The meta-circular demo: SX's native evaluator is OCaml, so implementing OCaml on top of SX closes the loop — the source language of the host is running inside the host it compiles to. Beyond the elegance, it's practically useful: once OCaml expressions run on the SX CEK/VM you get Dream (a clean OCaml web framework) almost for free, and ReasonML is a syntax variant that shares the same transpiler output.

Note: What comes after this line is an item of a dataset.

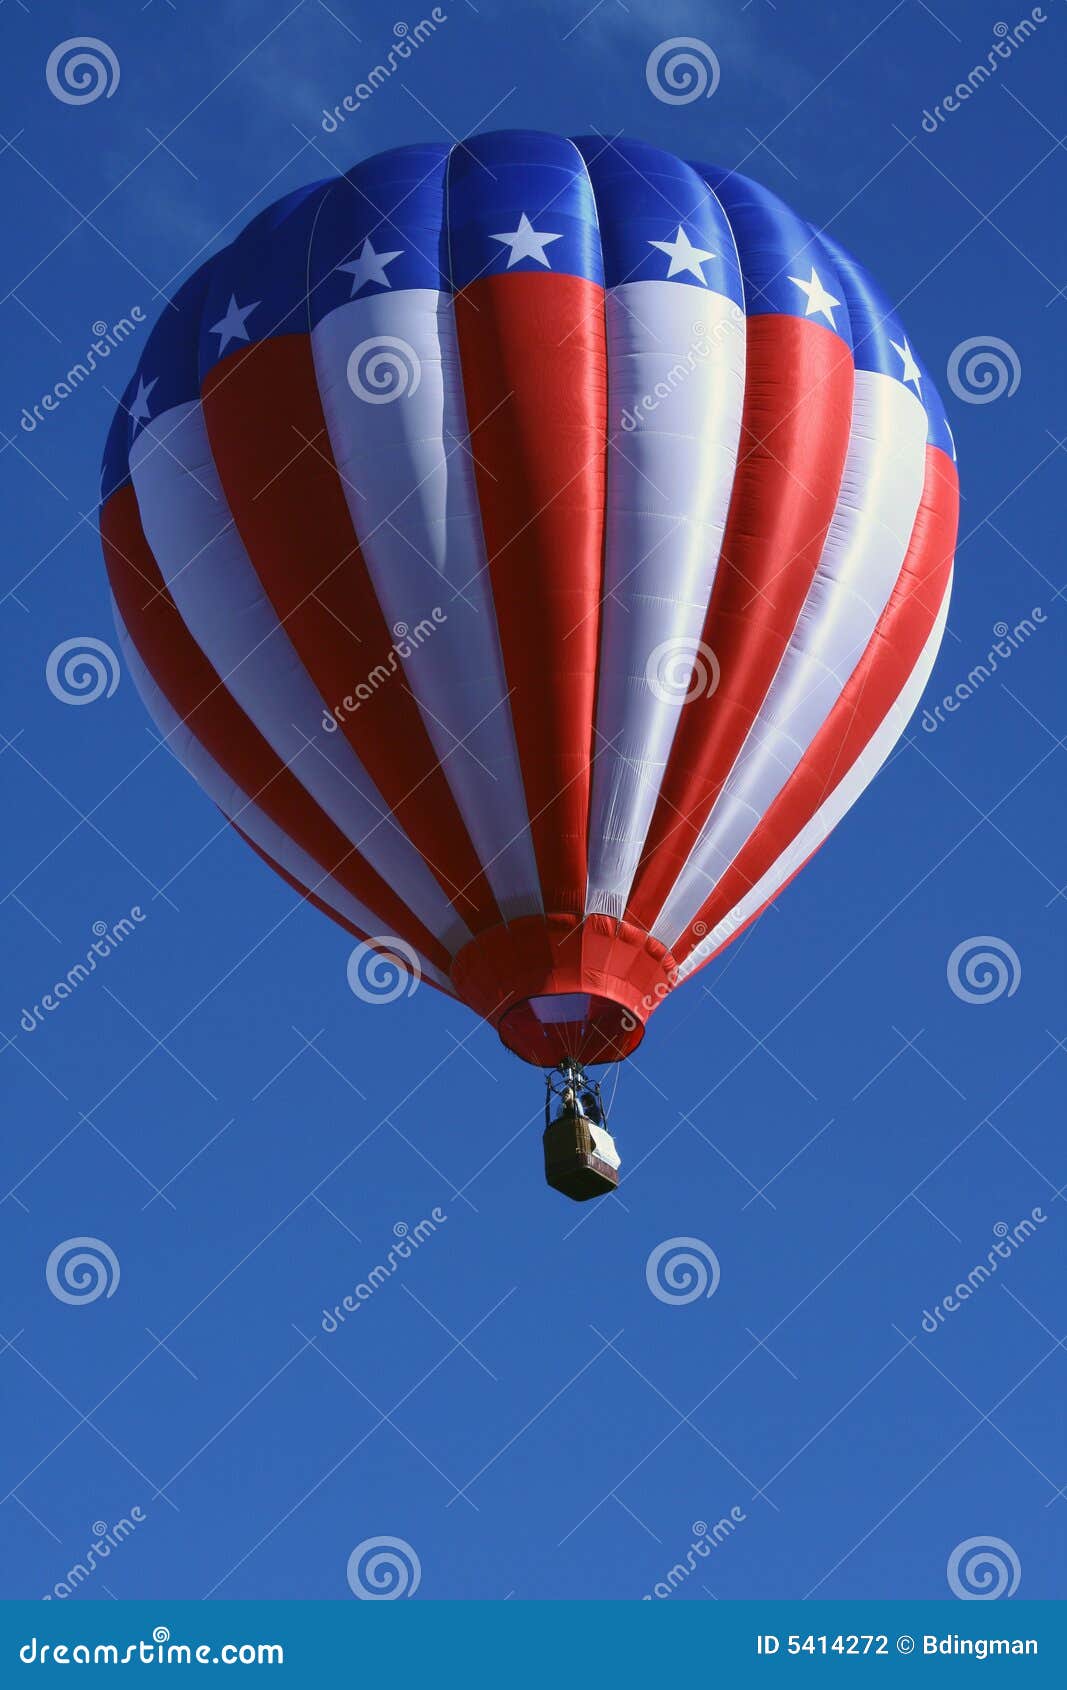 Globo patriótico del aire caliente. Un globo rojo, blanco y azul del aire caliente flota en un cielo azul profundo.

End-state goal: OCaml programs running on the SX CEK/VM, with enough of the standard library to support Dream's middleware model. Dream-on-SX is the integration target — a handler/middleware/router API that feels idiomatic while running purely in SX. ReasonML (Phase 8) adds an alternative syntax frontend that targets the same transpiler.

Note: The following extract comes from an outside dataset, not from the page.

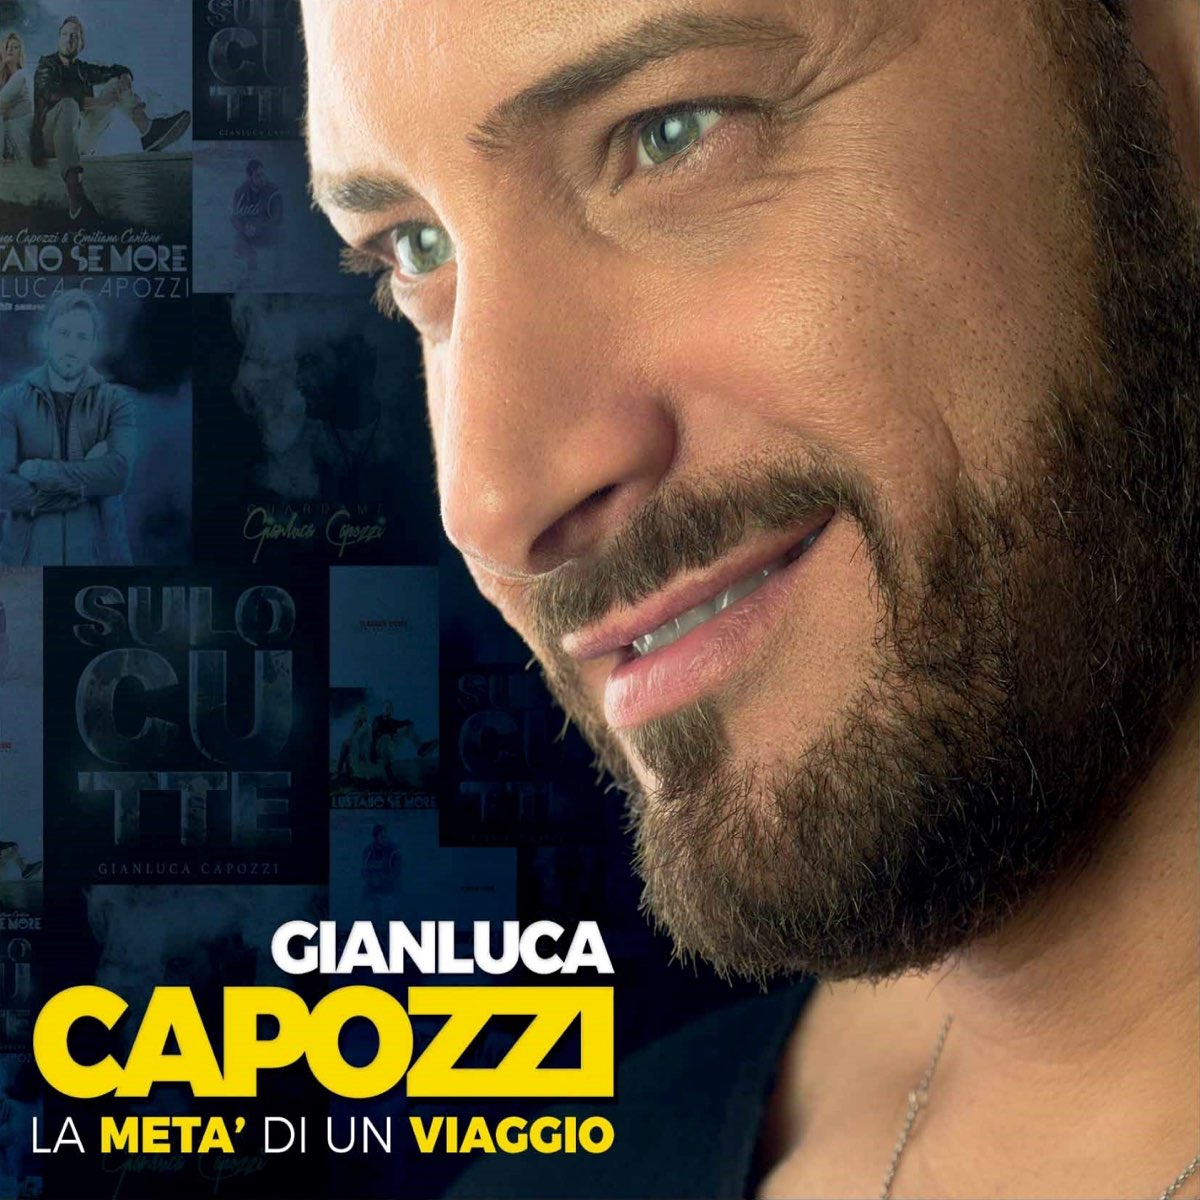 ‎La metà di un viaggio - Album di Gianluca Capozzi - Apple Music

What this covers that nothing else in the set does

Strict ML semantics — unlike Haskell, OCaml is call-by-value with explicit Lazy.t for laziness. Pattern match is exhaustive. Polymorphic variants. Structural equality.
First-class modules and functors — modules as values (phase 4); functors as SX higher-order functions over module records. Unlike Haskell typeclasses, OCaml's module system is explicit and compositional.
Mutable state without monads — ref, :=, ! are primitives. Arrays. Hashtbl. The IO model is direct; Lwt/Dream map to perform/cek-resume for async.
Dream's composable HTTP model — handler = request -> response promise, middleware = handler -> handler. Algebraically clean; @@ composition maps to SX function composition trivially.
ReasonML — same semantics, JS-friendly surface syntax. JSX variant pairs with SX component rendering.

Ground rules

Scope: only touch lib/ocaml/**, lib/dream/**, lib/reasonml/**, and plans/ocaml-on-sx.md. Do not edit spec/, hosts/, shared/, or other lib/<lang>/.
Shared-file issues go under "Blockers" below with a minimal repro; do not fix here.
SX files: use sx-tree MCP tools only.
Architecture: OCaml source → AST → SX AST → CEK. No standalone OCaml evaluator. The OCaml AST is walked by an ocaml-eval function in SX that produces SX values.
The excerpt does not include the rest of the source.